There are no such saviours in The Zone of Interest or Ava DuVernay’s Origin, also released this year, which takes the shooting of 17-year-old African American Trayvon Martin as its starting point before venturing into the past of Nazi Germany and to India’s treatment of “untouchables”. Adapted from Isabel Wilkerson’s non-fiction book Caste, the film finds the connective tissue between different systems that rely on scapegoating a particular group, regardless of race. As Isabel travels from the US to Germany, she investigates the mechanisms that enable systems of oppression. Moving between Isabel’s present-day examination of archives and documents to flashbacks showing this history, she unearths historical ties between the American legislation behind slavery and segregation, and German laws that initially segregated Jews but culminated in their extermination. When she travels to India, meeting Dalit professor Suraj Yengde (played by himself), he draws direct parallels between segregation, India’s untouchables, the Holocaust and the plight of Palestinians. Though Origin is flawed – the film’s structure also follows Isabel through two personal tragedies, leaving little space for in-depth probing of Wilkerson’s thesis – it tussles with the reasons why, which so many Holocaust films gloss over in the interest of easy storytelling.

Holocaust films can often flatten the Jewish lives at their centre, especially those not told from Jewish characters’ perspectives: uninterested in their lives before genocide, such films allow Jewish characters to exist on screen only to be persecuted, tortured and slaughtered. One Life recently came under fire for omitting in its marketing materials the fact that most of the Czech children rescued by Nicholas Winton were Jewish, calling them “central European” instead. In films like Where Hands Touch (2018) or The Courageous Heart of Irena Sendler (2009), Jewish characters are defined by their suffering, and only seen as victims. Though resistance and uprisings were widespread and well-documented, it’s rare to see Jewish people fight back on screen.
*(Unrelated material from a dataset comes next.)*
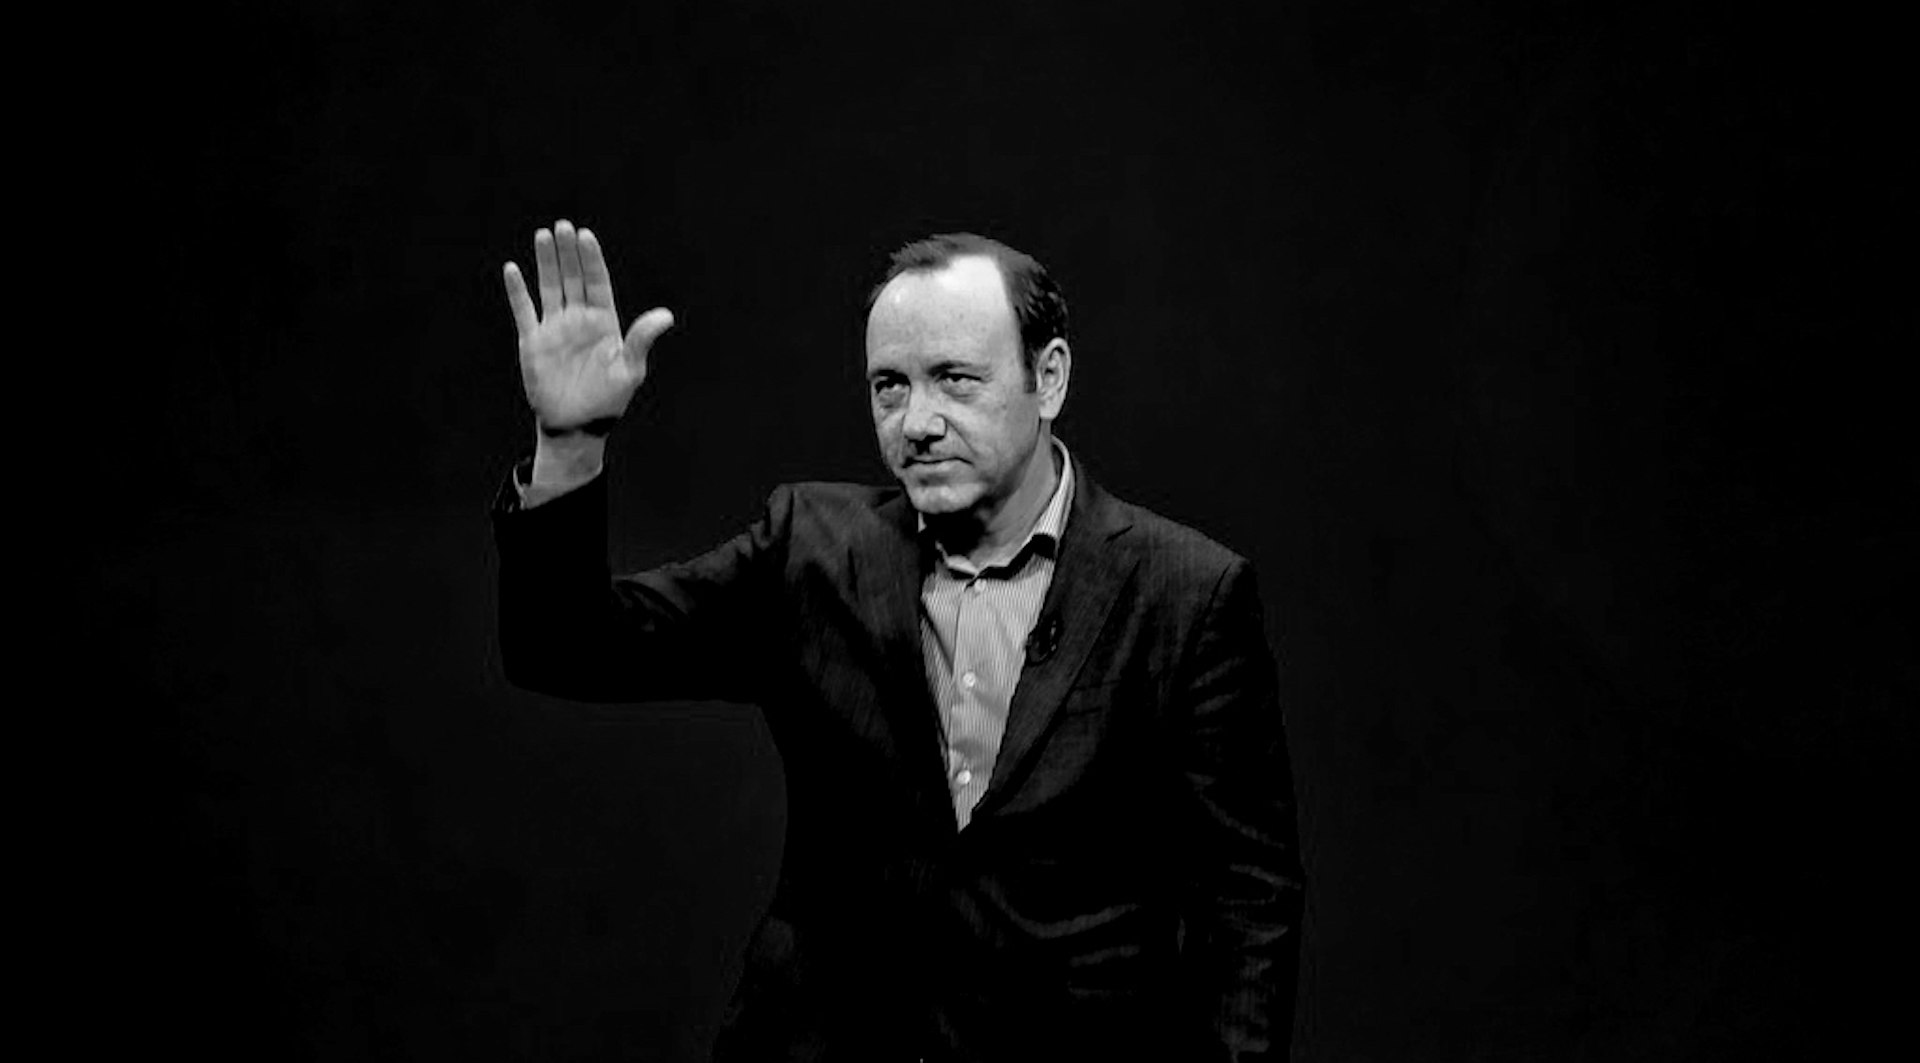 Kevin Spacey’s ‘apology’ for allegedly propositioning a teenager is insulting

Michael Winterbottom’s biopic Shoshana, also released this year, is a much-needed counter to this. From its outset, the title character Shoshana Borochov (played by Irina Vladimirovna Starshenbaum) is engaged in resistance, navigating quagmire-like politics in 1930s Palestine. She is the daughter of the socialist Zionist Ber Borochov, and a fierce opponent of her father’s politics: the film charts her relationship with the British police officer Thomas James Wilkin, an adversary of Zionist paramilitary groups, further complicating her relationship with fellow Jewish migrants. Shoshana examines Britain’s role in the Holocaust as the occupiers of Mandatory Palestine. Heavy-handed police stoke existing tensions between Israelis and Palestinians, while desperation escalates around Britain’s refusal to allow those fleeing the Holocaust into the country. In the end, the main objective of both Palestinians and Israelis becomes to rid themselves of the British colonial forces. This, the film suggests in its disturbing closing shot of guns trained on Palestinians, fuelled the ever-more urgent situation in the region today.
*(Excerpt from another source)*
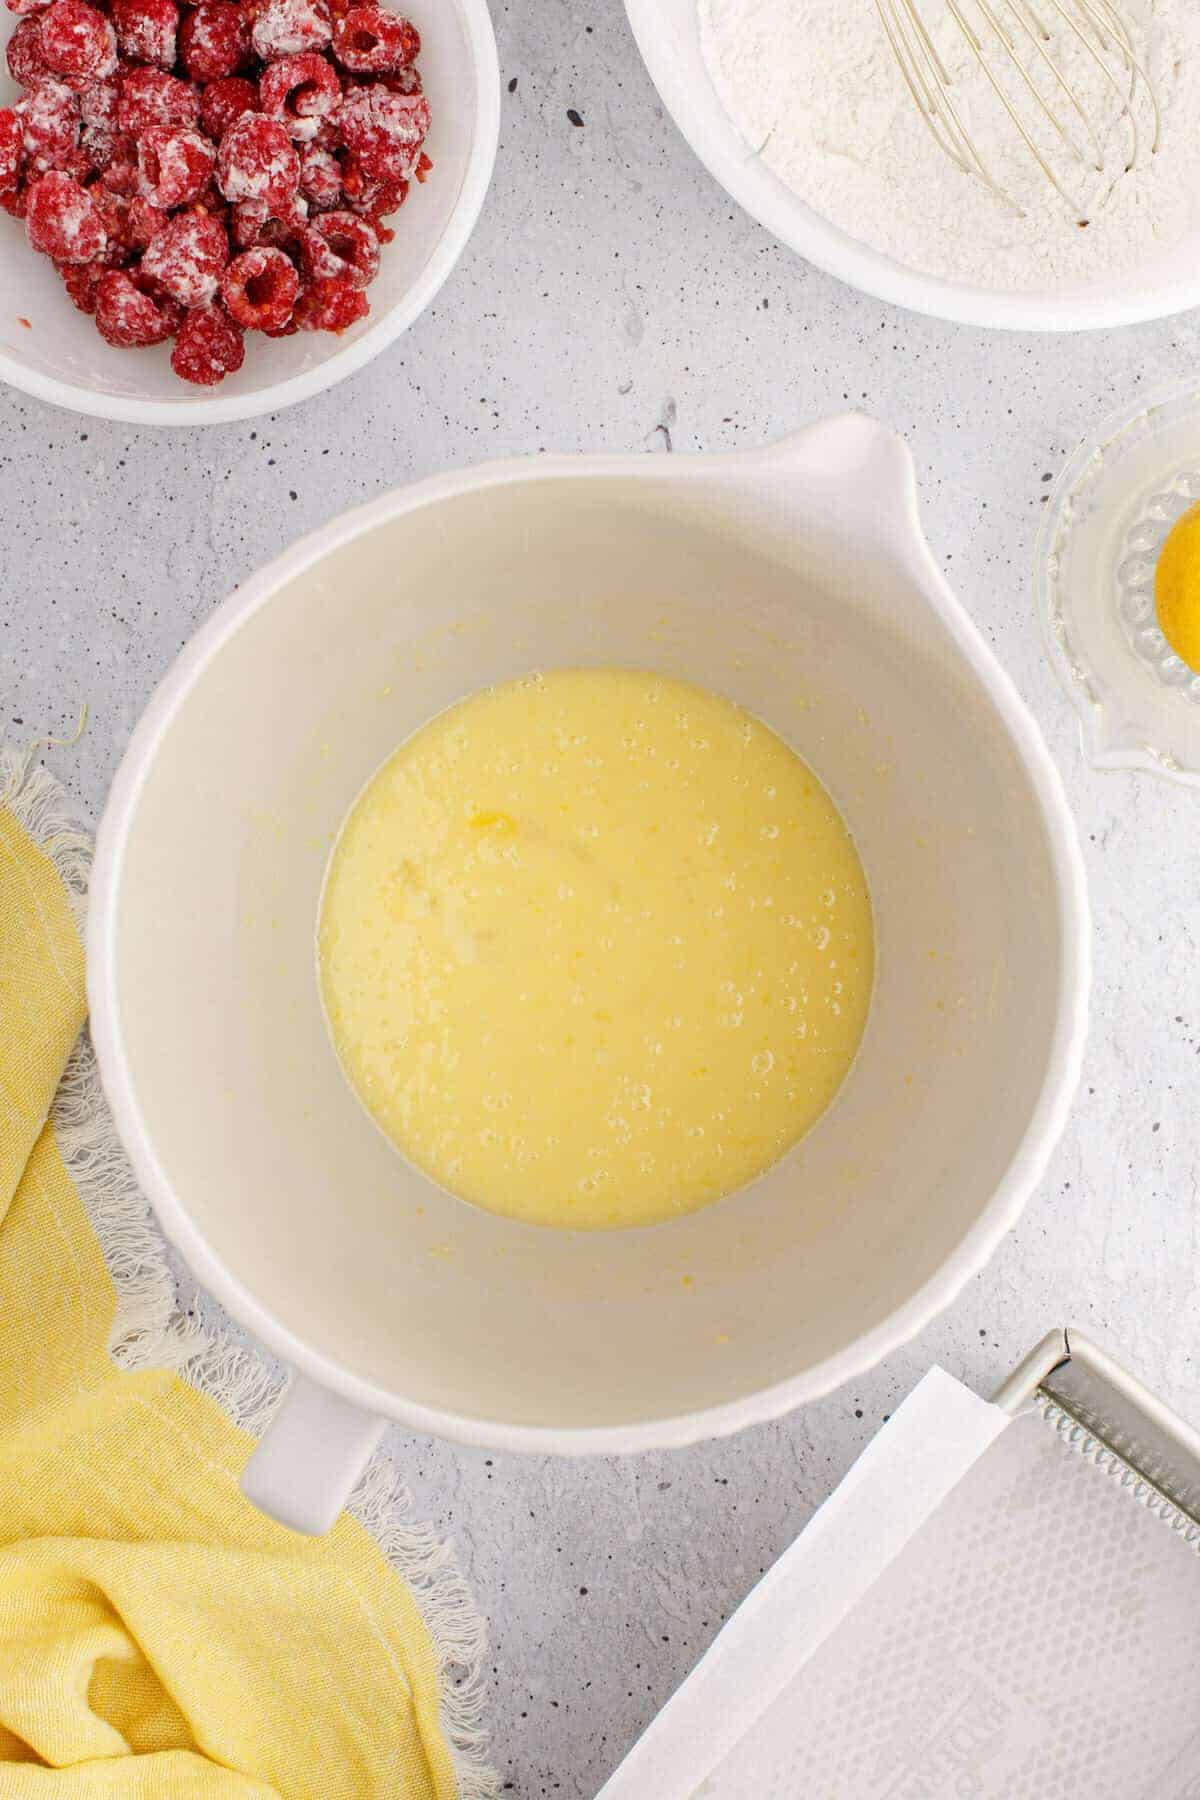 all of the custard like ingredients combined in a mixing bowl.

Primo Levi acknowledges that even the most historically curious and informative works on Nazism may fail to understand our fundamental questions about how it happened. In his essay on the Holocaust programme, he writes: “This explains the reason for the innumerable phone calls that flooded the TV stations in the countries where the serial has been shown so far. Most of the callers were asking ‘why’, and this ‘why’ is gigantic and as old as humankind. It’s the ‘why’ of evil in the world.”

Not all of our “why”s can be answered sufficiently – but the question itself is crucial. Where other films have been more concerned with turning the Holocaust into a universal template of the human struggle, creating new myths and misconceptions about the genocide as a result, these new films explore the events that gave way to unconscionable mass violence. As the Holocaust moves out of living memory and into history, an awareness grows of genocides that have been forgotten and ignored and further unfathomable horrors unfolding in the present day. These films, which dare to ask why, have never felt more urgent.